What you will do:
Nothing except the pictures should be left out when you reproduce the listing exactly.

Collected material:
*** Block opens ***

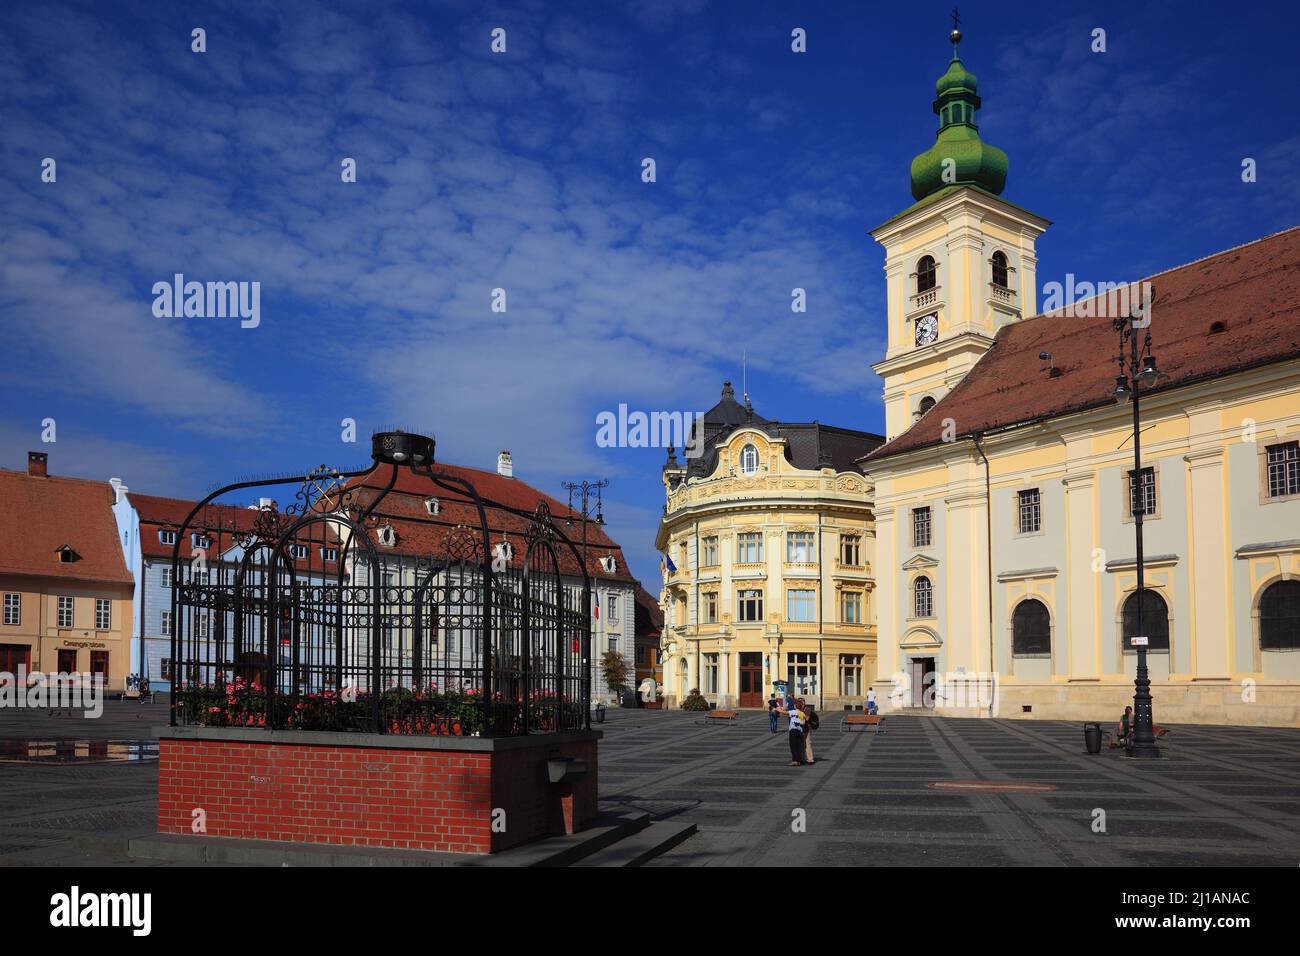 Blick von Piata Mare, großer Ring, über den Marktbrunnen auf das historische Rathaus und katholische Kirche, Sibiu, Rumänien / vue de Piata Mare, Banque D'Images
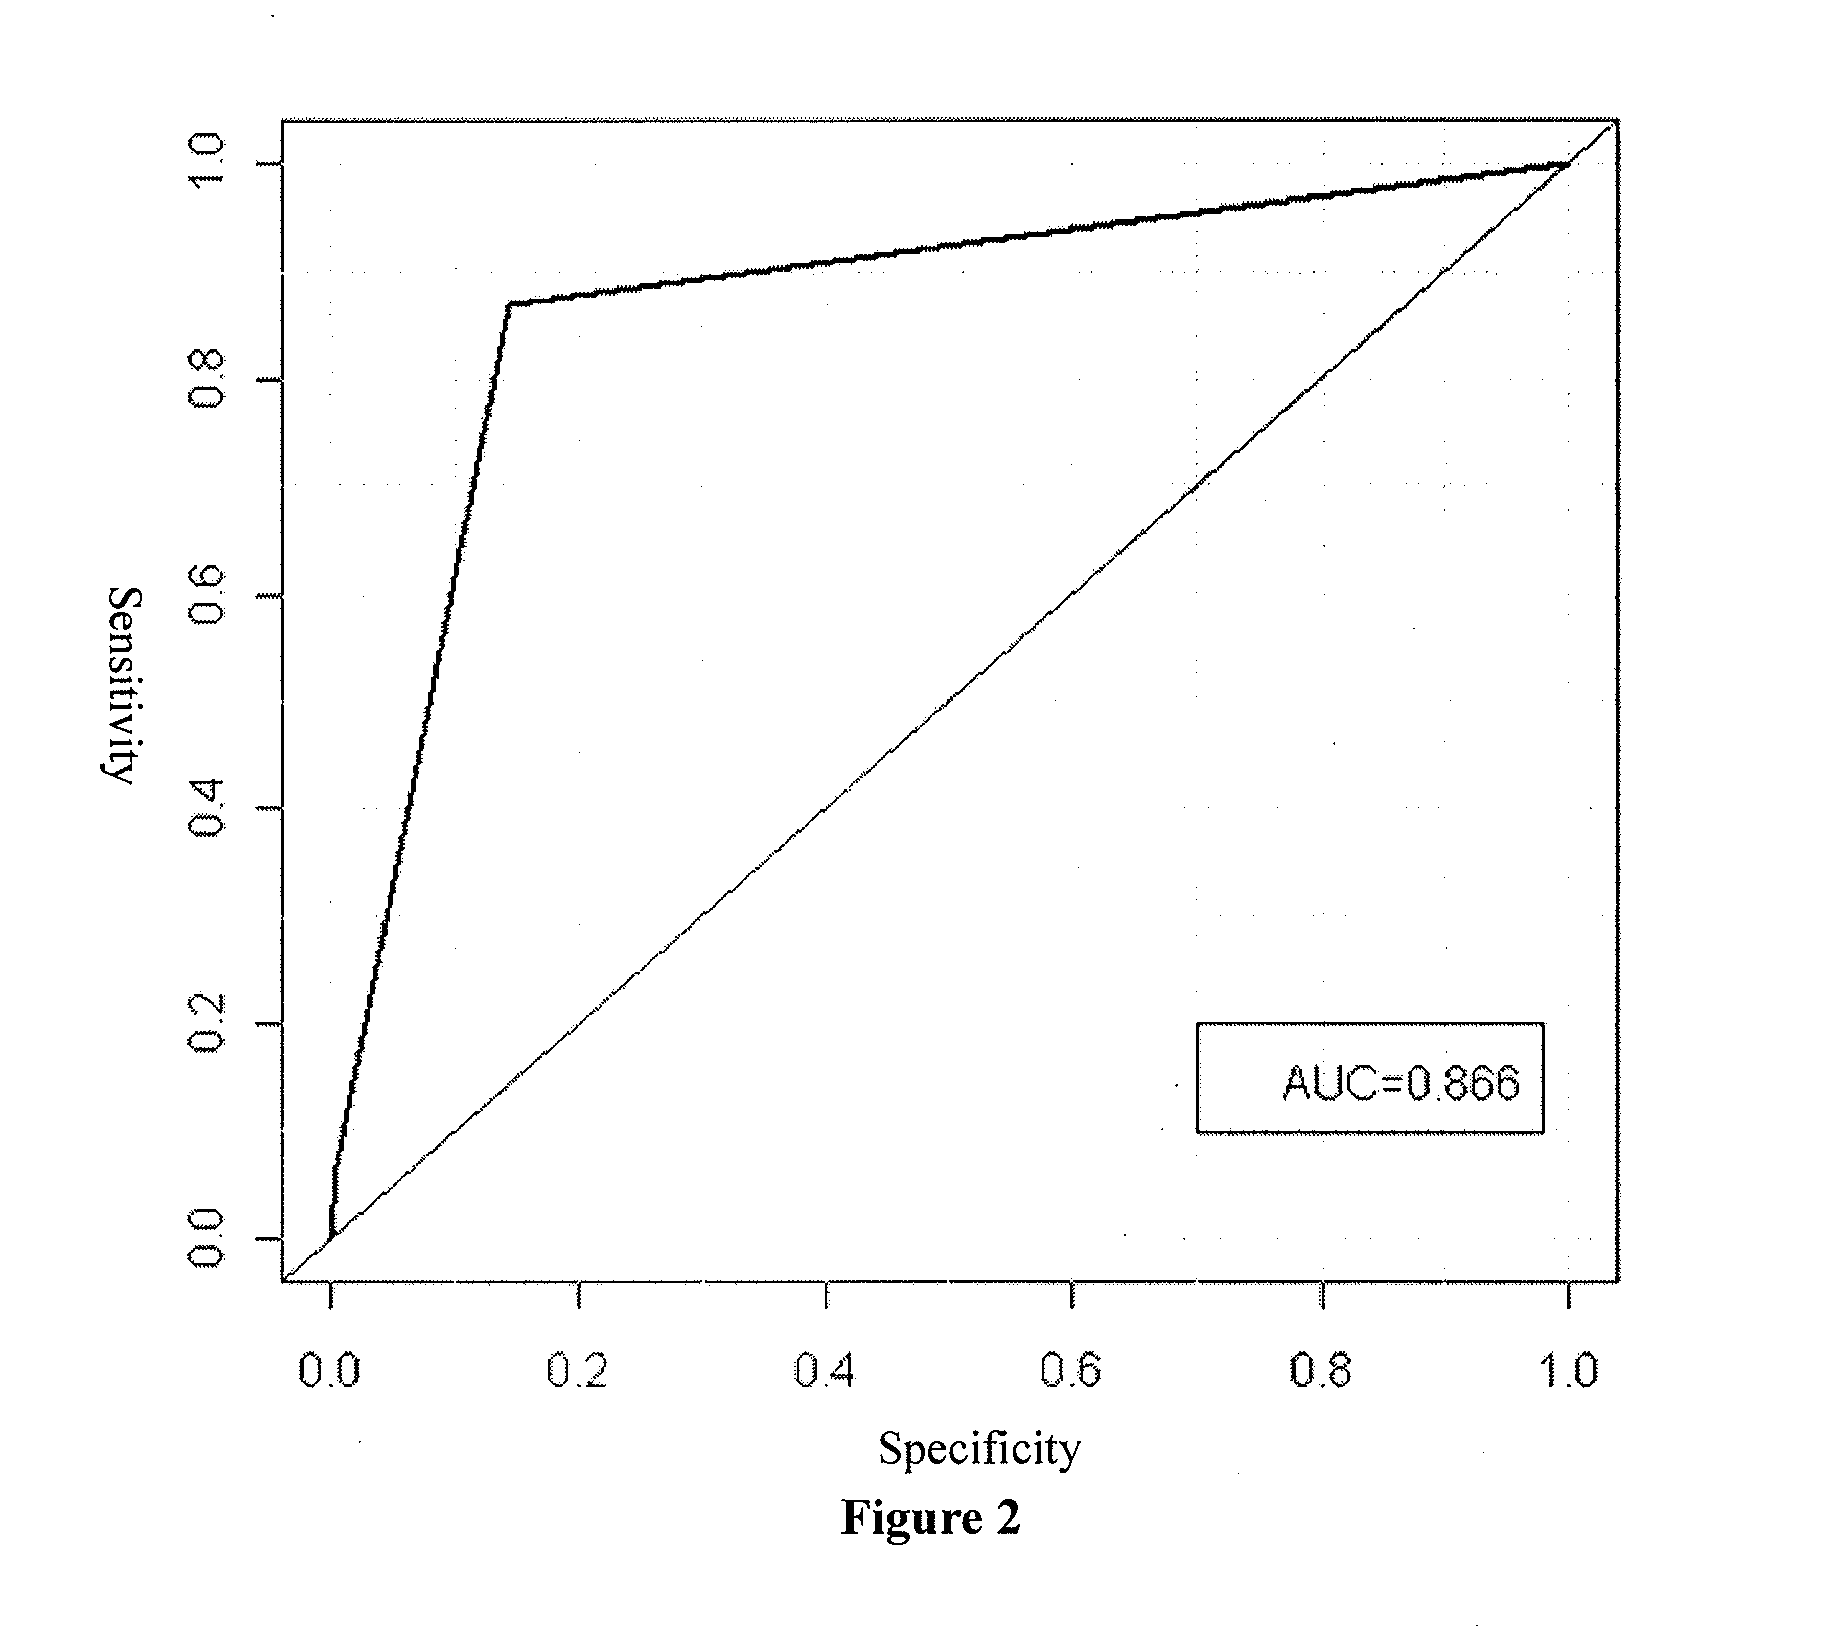 Use of hla-b*1301 allele
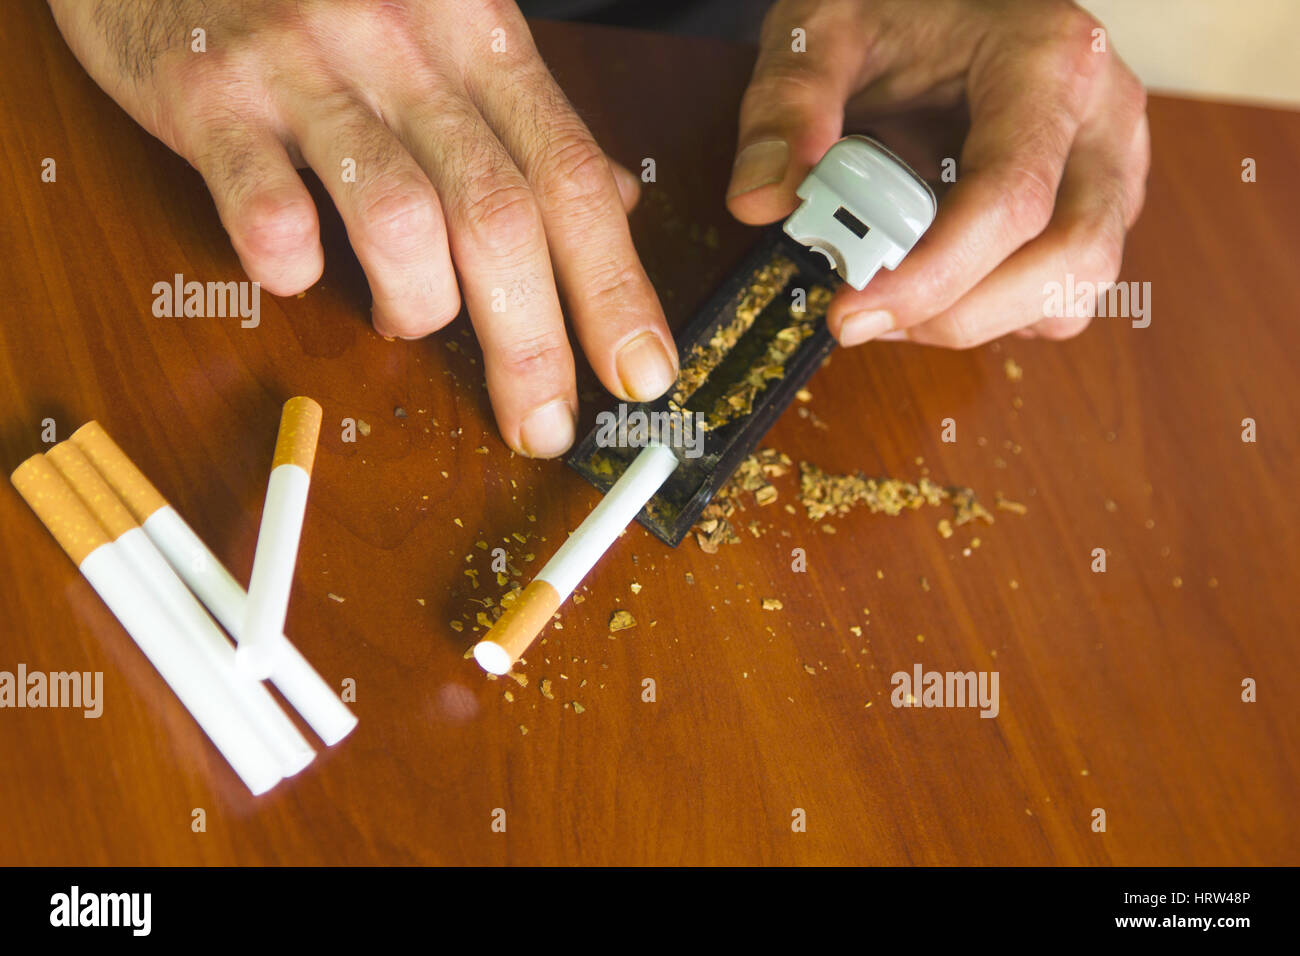 El hombre rodante con cigarrillos de tabaco fresca Foto de stock
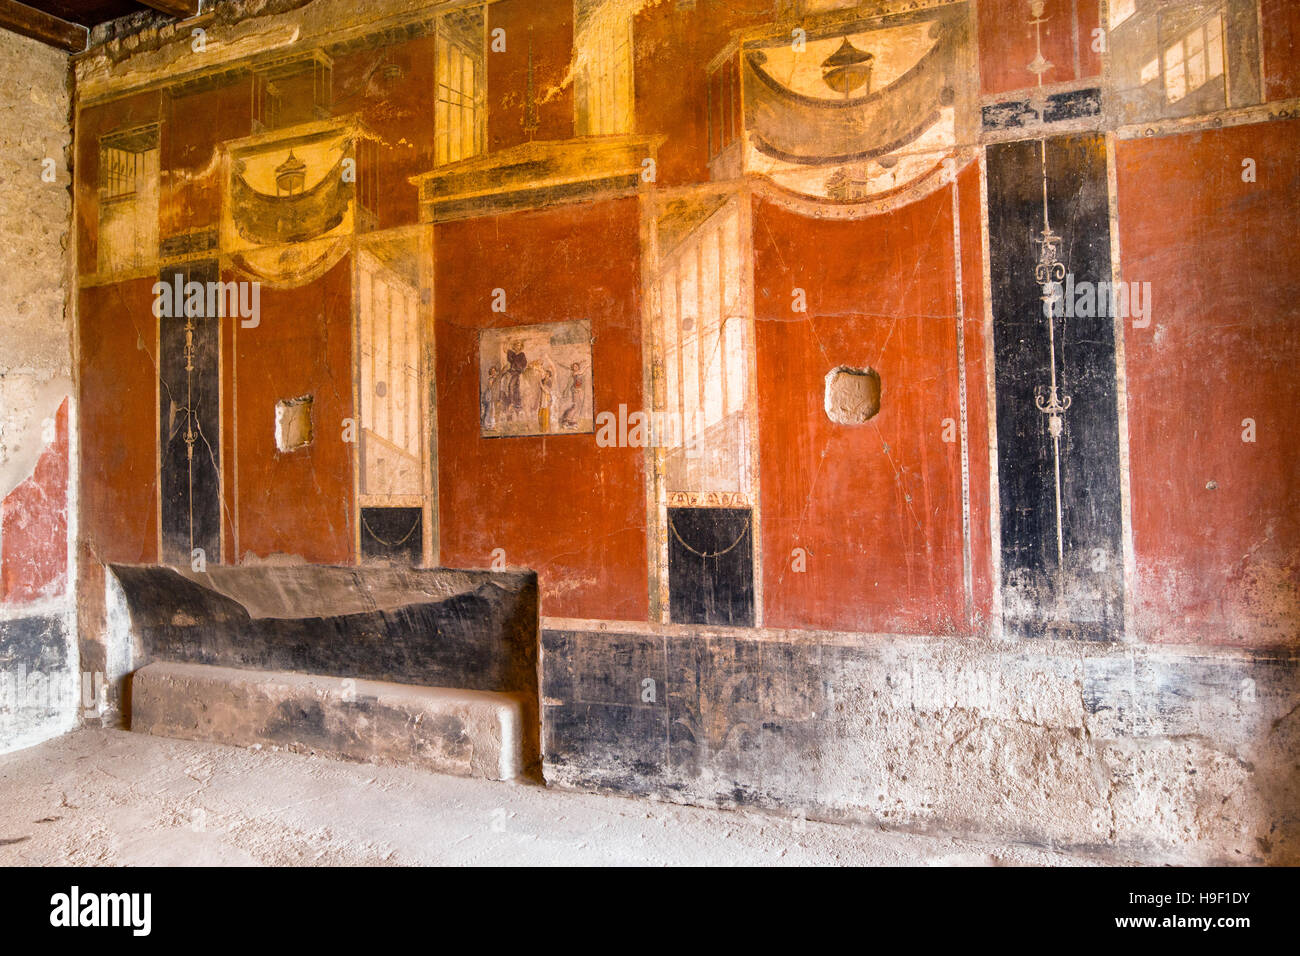 Antiguo muro frescos pintados en la antigua ciudad romana de Pompeya. La región de Campania, Italia Foto de stock

*** Block closes ***

Answer for this exercise:
 Blick von Piata Mare, großer Ring, über den Marktbrunnen auf das historische Rathaus und katholische Kirche, Sibiu, Rumänien / vue de Piata Mare, Banque D'Images
 Use of hla-b*1301 allele
 El hombre rodante con cigarrillos de tabaco fresca Foto de stock
 Antiguo muro frescos pintados en la antigua ciudad romana de Pompeya. La región de Campania, Italia Foto de stock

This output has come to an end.